Within the attached press release, the Company makes reference to certain non-generally accepted accounting principles (“non-GAAP”) financial measures, including “non-GAAP operating income”, “non-GAAP net income” and “non-GAAP net income per diluted share” which have directly comparable generally accepted accounting principles (“GAAP”) financial measures. The Company believes that these non-GAAP measures represent important internal measures of performance. Accordingly, where these non-GAAP measures are provided, it is done so that investors have the same financial data that management uses with the belief that such information will assist the investment community in assessing the underlying performance of the Company on a year over year and sequential basis. Whenever such information is presented, the Company has complied with the provisions of the rules under Regulation G and Item 2.02 of Form 8-K. In addition to the reasons described above, specific reasons the Company’s management believes that the presentation of certain non-GAAP financial measures provides useful information to investors regarding the Company’s financial condition, results of operations and cash flows are as follows:

The non-GAAP measures presented in the attached press release are not in accordance with, or an alternative for, GAAP and may be different from non-GAAP measures used by other companies. In addition, these non-GAAP measures and the Non-GAAP Income Statement are not based on any comprehensive set of accounting rules or principles. The Company believes that non-GAAP measures have limitations in that they do not reflect all of the amounts associated with the Company’s results of operations as determined in accordance with GAAP and that these measures should only be used to evaluate the Company’s results of operations in conjunction with the corresponding GAAP measures.

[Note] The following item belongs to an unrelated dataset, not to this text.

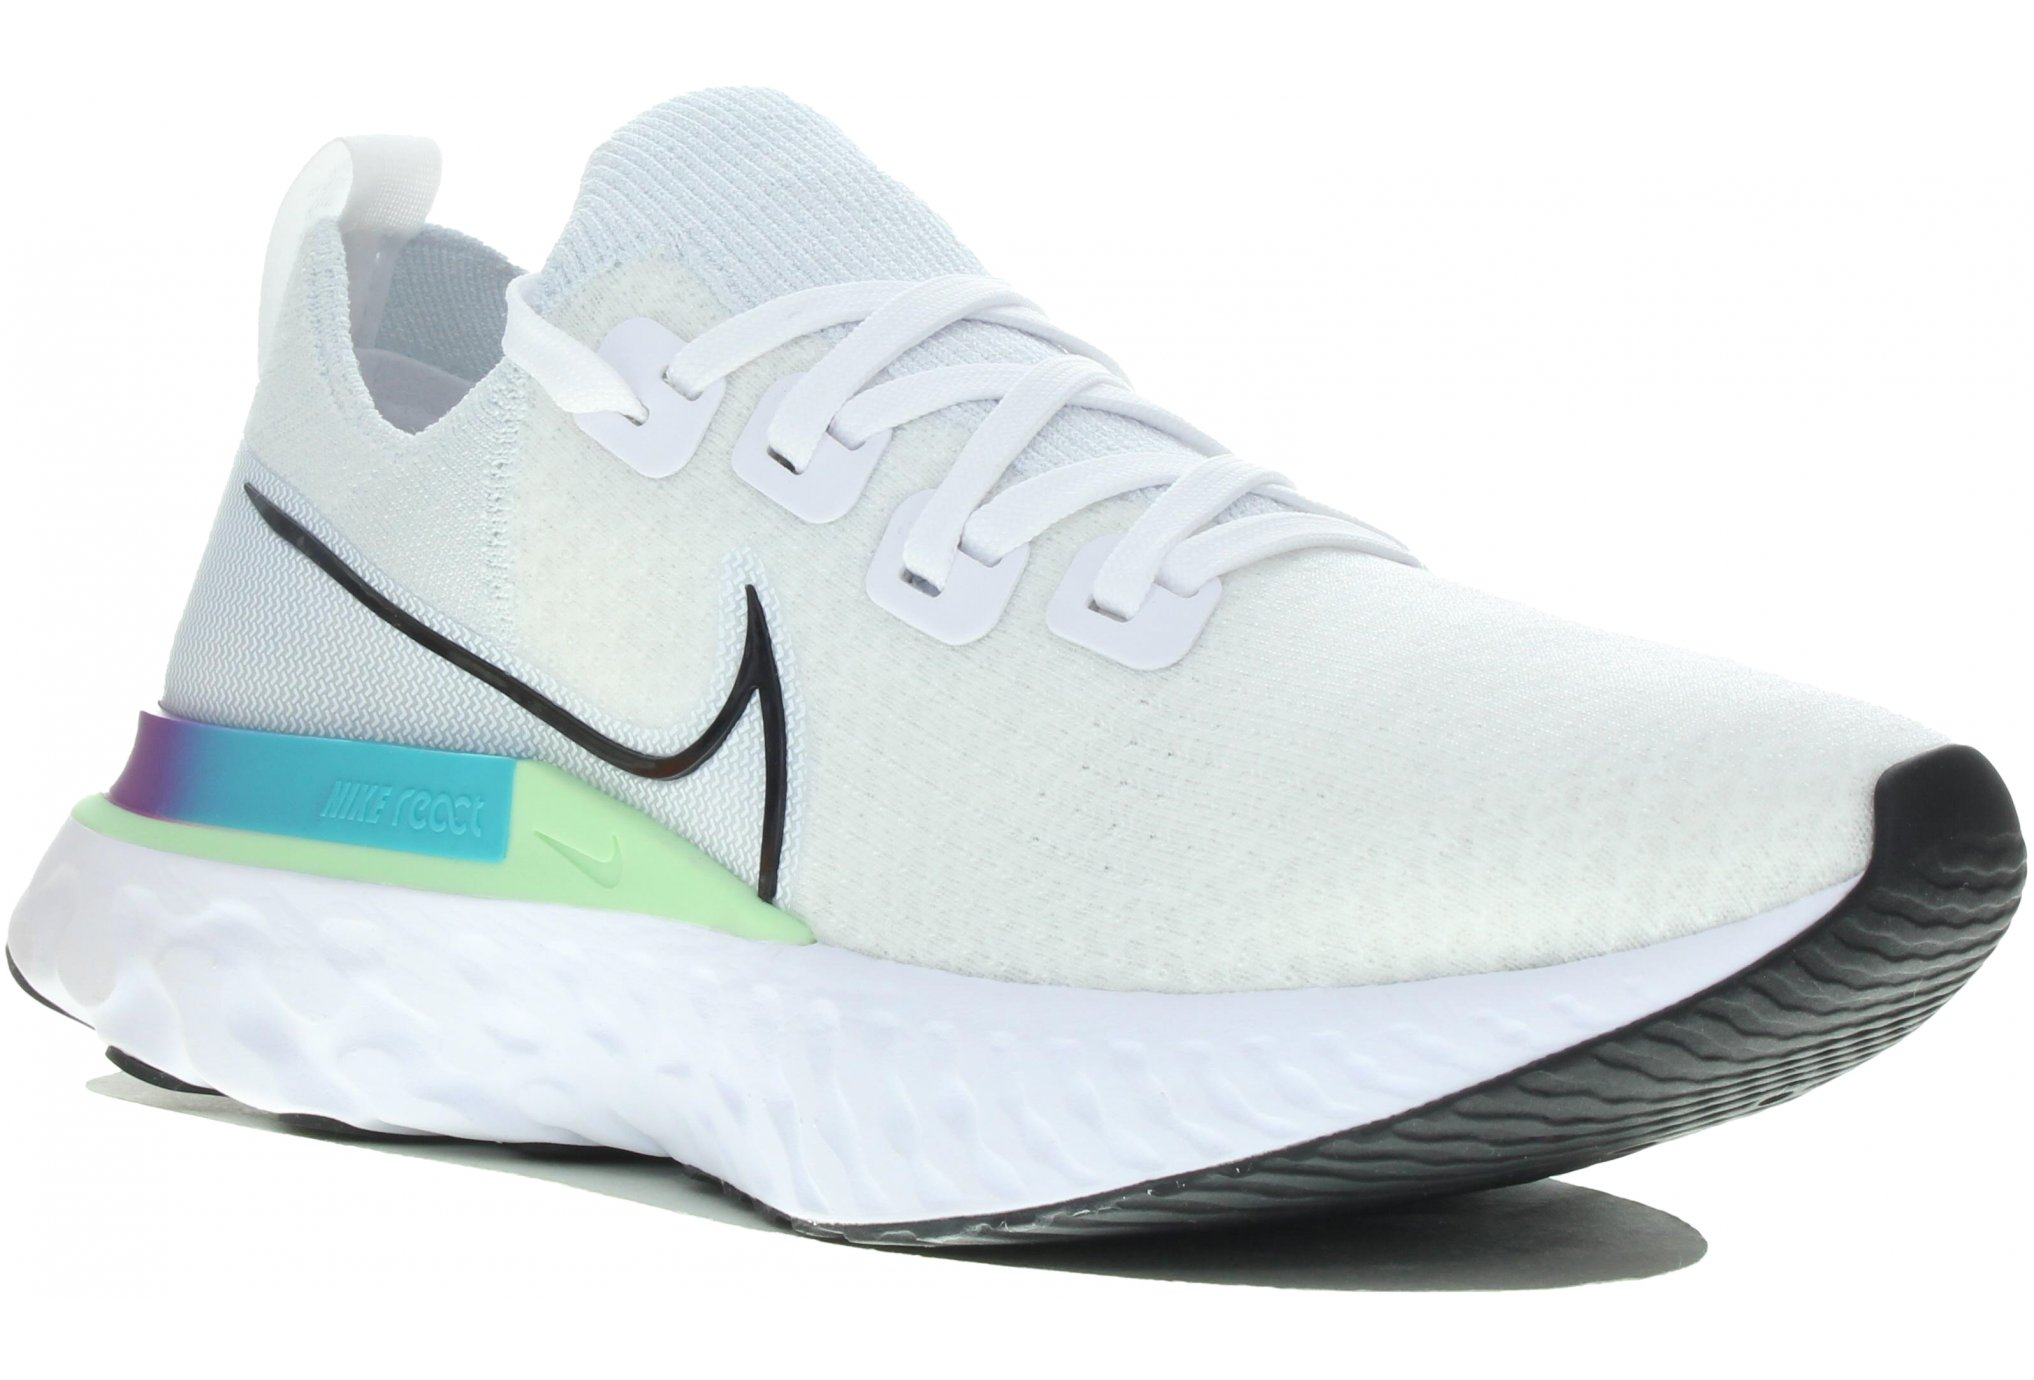 Nike React Infinity Run Flyknit M Diététique Chaussures homme

The Company believes that the presentation of non-GAAP operating income, non-GAAP net income, non-GAAP diluted net income per share and non-GAAP shares used in net income per share calculation, when shown in conjunction with the corresponding GAAP measures, provides useful information to investors and management regarding financial and business trends relating to its financial condition and results of operations.

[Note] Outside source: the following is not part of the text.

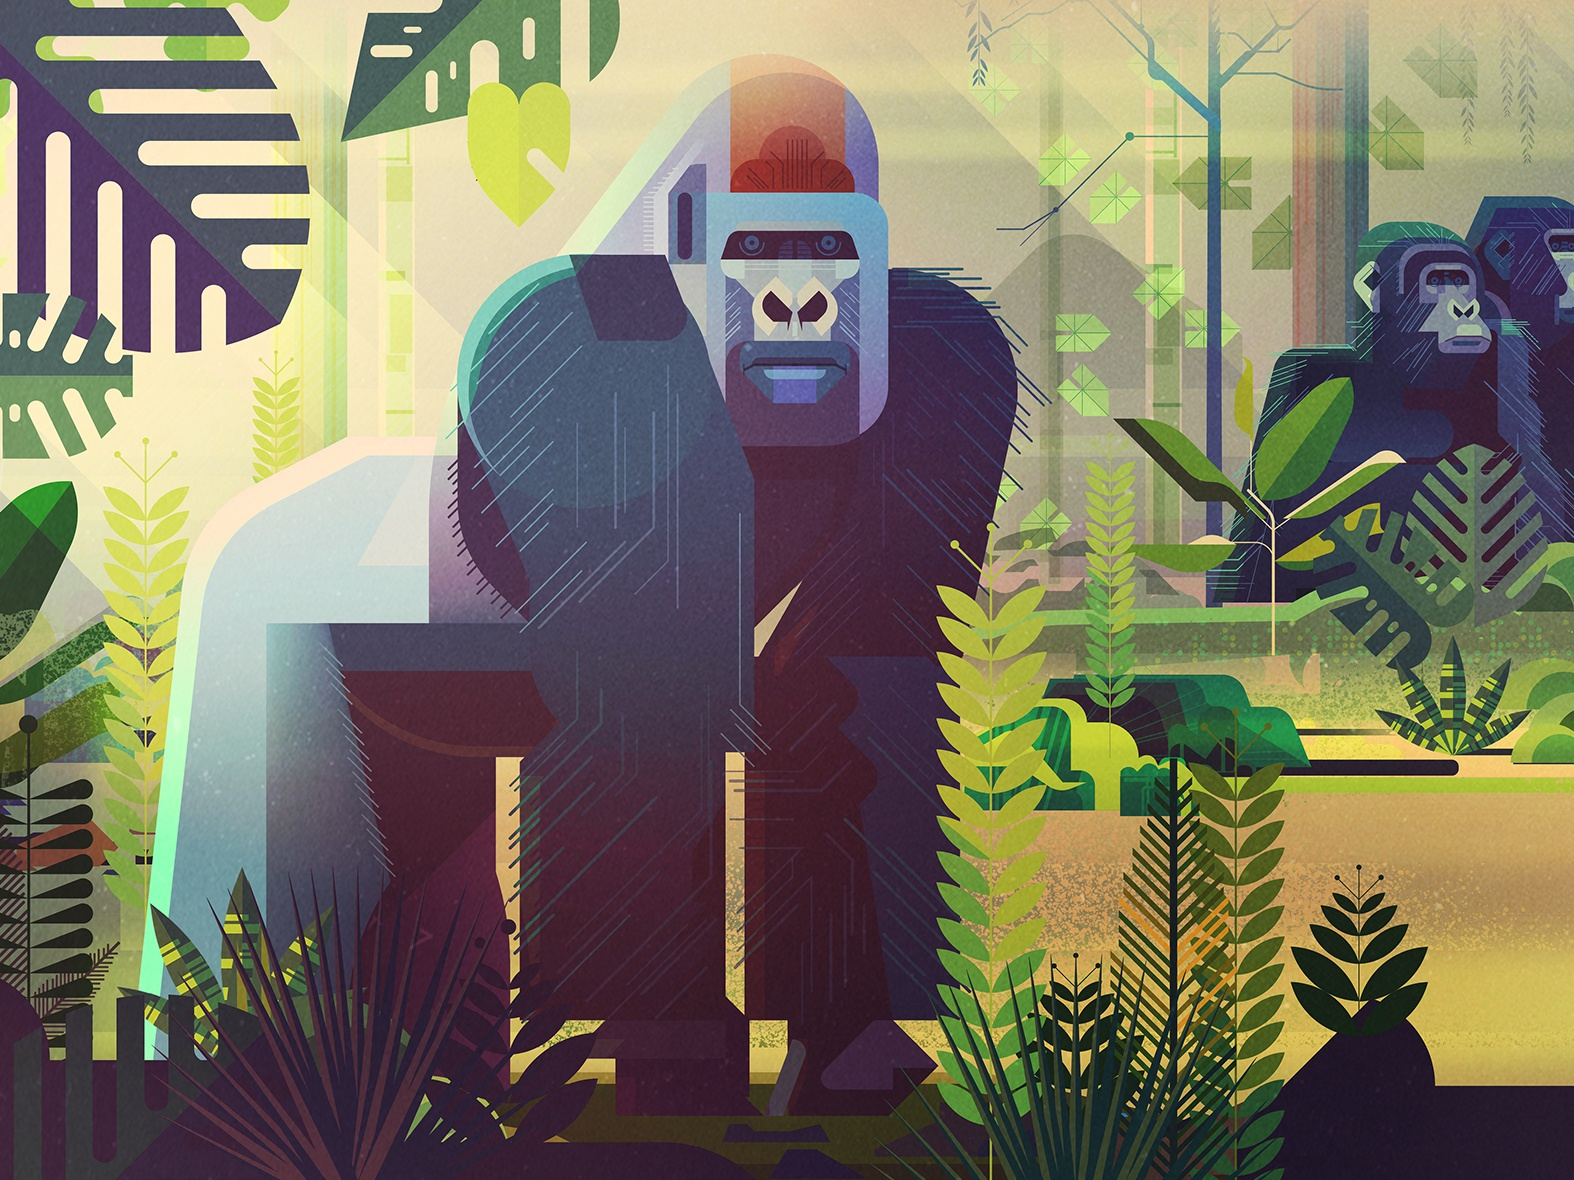 Saving Species spread book endangered species animals retro digital vector james gilleard

For its internal budgeting process, the Company’s management uses financial statements that do not include stock-based compensation expense relating to employee stock option grants and employee stock purchases, and the income tax effects thereof. The Company’s management also uses the foregoing non-GAAP measures, in addition to the corresponding GAAP measures, in reviewing the financial results of the Company.

As described above, the Company excludes the following items from one or more of its non-GAAP measures:

Stock-based compensation. These expenses (which comprise a portion of the selling, general, and administrative expenses line item in the Income Statement) consist of expenses for employee stock options and employee stock purchases under SFAS 123(R). The Company excludes stock-based compensation expenses from its non-GAAP measures primarily because they are non-cash expenses that the Company does not believe are reflective of ongoing operating results. Further, as the Company applies SFAS 123(R), it believes that it is useful to investors to understand the impact of the application of SFAS 123(R) to its results of operations. The Company will incur stock-based compensation expense related to employee stock options and employee stock purchases in future periods.

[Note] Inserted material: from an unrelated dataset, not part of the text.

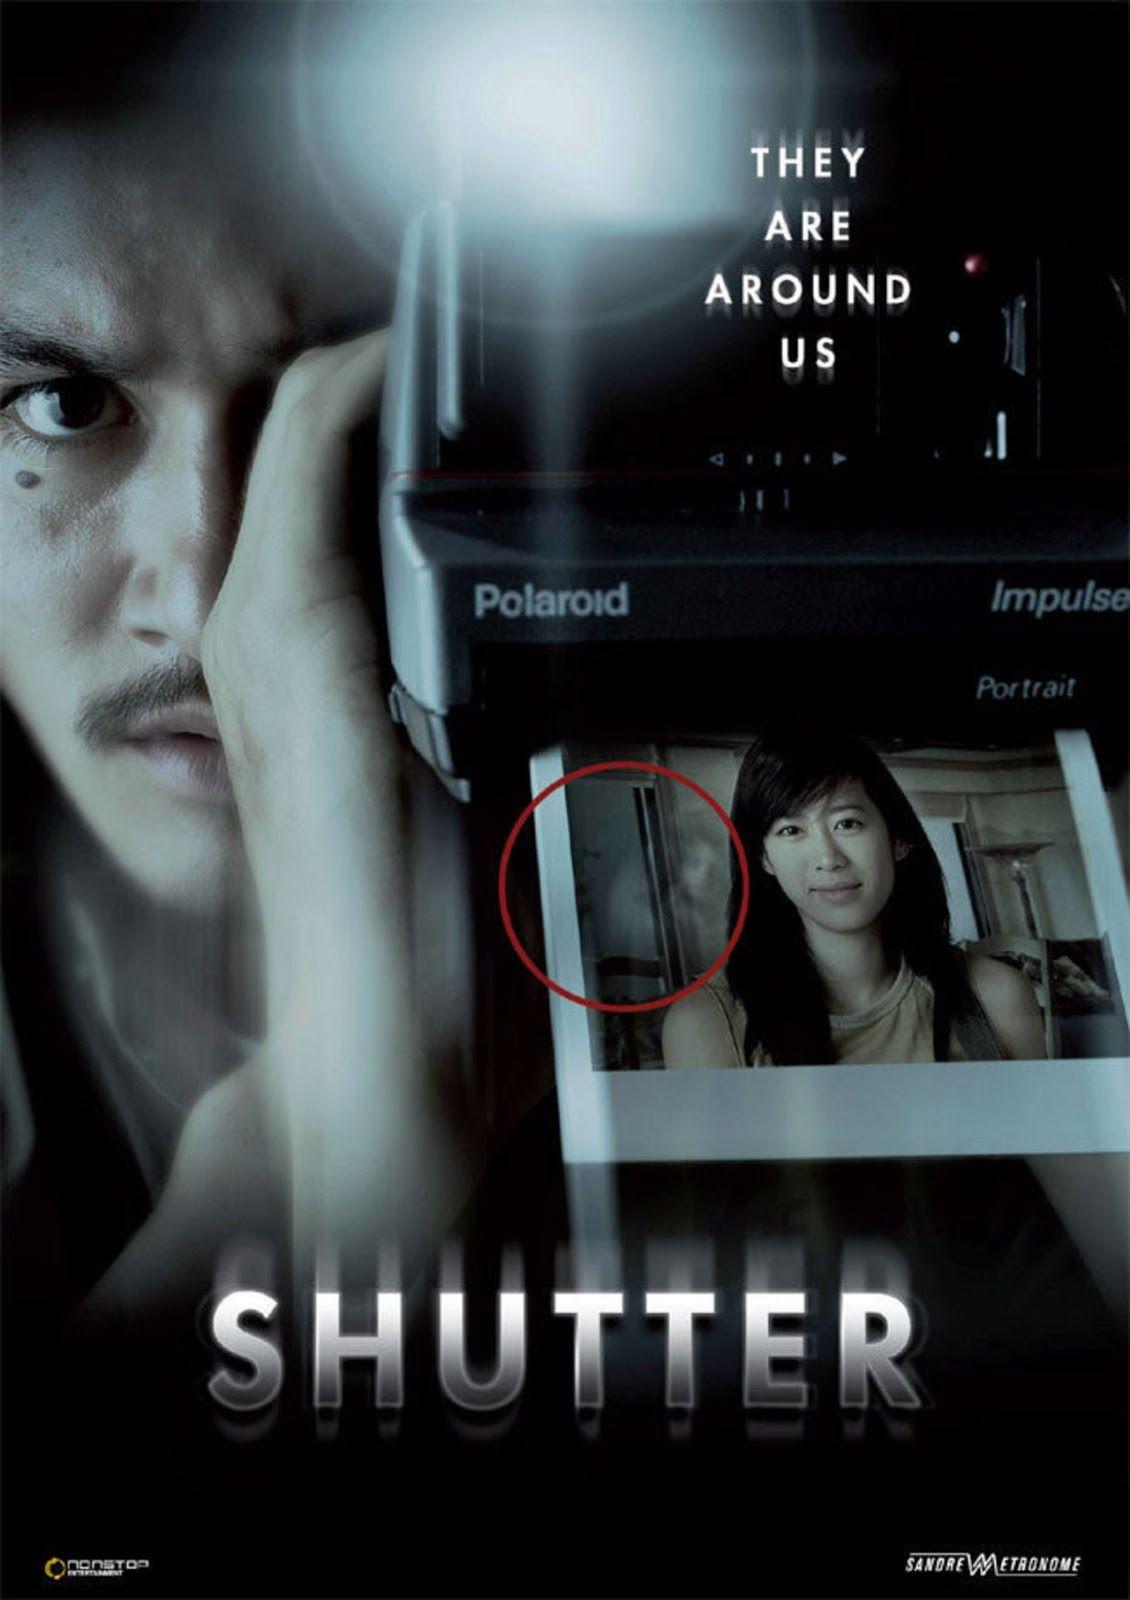 Shutter 2004 Subtitle Indonesia Shutter Film Thailand

Provision for income taxes. Excluding the income tax effect of the non-GAAP pre-tax adjustments from provision for income taxes assists investors in understanding the tax provision associated with those adjustments. Further, because the Company has historically issued incentive stock options, the impact of implementing SFAS 123(R) can result in a tax provision considerably different than the tax provision calculated before stock based compensation, and the Company believes it is useful for investors to understand this impact.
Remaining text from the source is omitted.